Chemical Modifications of siRNA Bases
Selective nuclease digestion of messenger RNAs inside living cells via the short interfering RNA (siRNA)-triggered RNA interference pathway has become a mainstay in molecular biology to study gene function, and it holds promise for the development of new therapeutics. However, gaps in our understanding of the basic RNA interference mechanism and ability of siRNAs to interact with intracellular RNA-binding proteins, particularly those involved in the innate immune response, limit the application of this promising new technology. Our laboratory is developing new synthetic approaches to modified RNA oligonucleotides that carry out gene silencing with reduced undesirable off-target effects. Specifically, we are engaged in the study of alkylated RNA bases that change the shape of the minor or major groove of double-stranded RNA while maintaining Watson-Crick-like base pairing. These siRNA duplexes are being used to determine the effect of steric blocks in gene silencing. The modifications are also expected to block sequence-dependent off-target ettects mediated by Toll-like receptors andsequence-independent effects from dsRBM proteins.

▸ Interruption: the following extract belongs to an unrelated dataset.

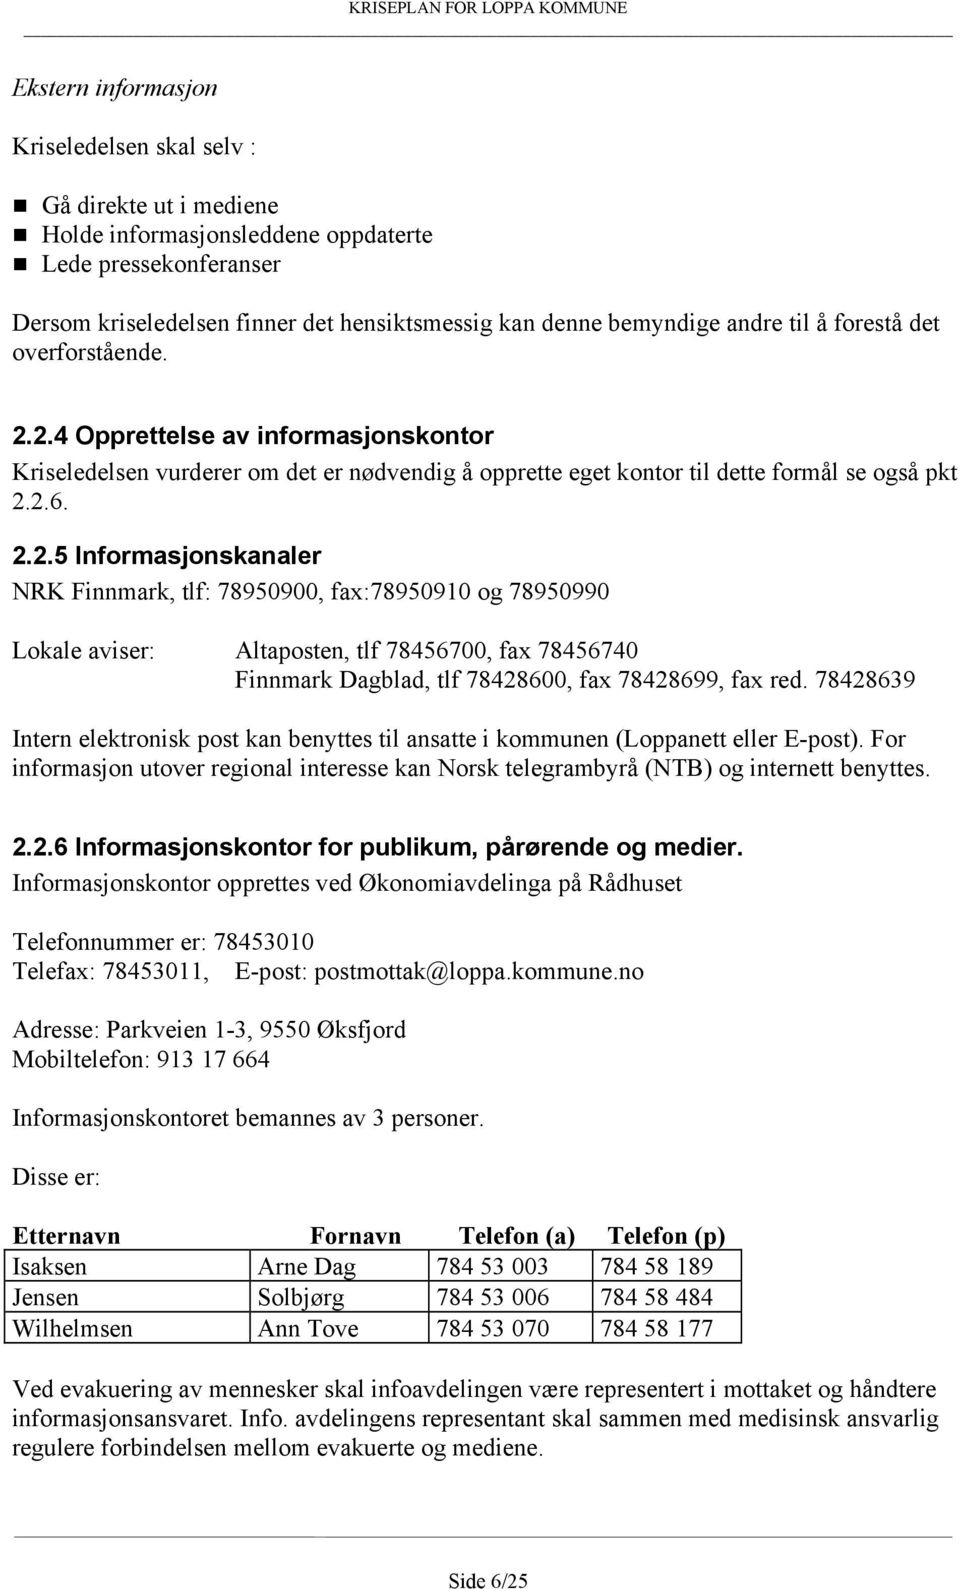 2.4 Opprettelse av informasjonskontor Kriseledelsen vurderer om det er nødvendig å opprette eget kontor til dette formål se også pkt 2.2.6. 2.2.5 Informasjonskanaler NRK Finnmark, tlf: 78950900, fax:78950910 og 78950990 Lokale aviser: Altaposten, tlf 78456700, fax 78456740 Finnmark Dagblad, tlf 78428600, fax 78428699, fax red.

Secondly, we are developing modified bases capable to switching their steric blockades from the minor groove to the major groove (see figure). These modifications will be placed in the antisense strand using a Watson-Crick-paired sense strand for delivery; the antisense strand will be designed to target a complementary mRNA sequence via Hoogsteen base pairing in which a conformational change hides the steric blockade in the major groove.
This project is being conducted in collaboration with Professor Peter Beal (UC, Davis) and is supported by the NIH, R01 GM080784.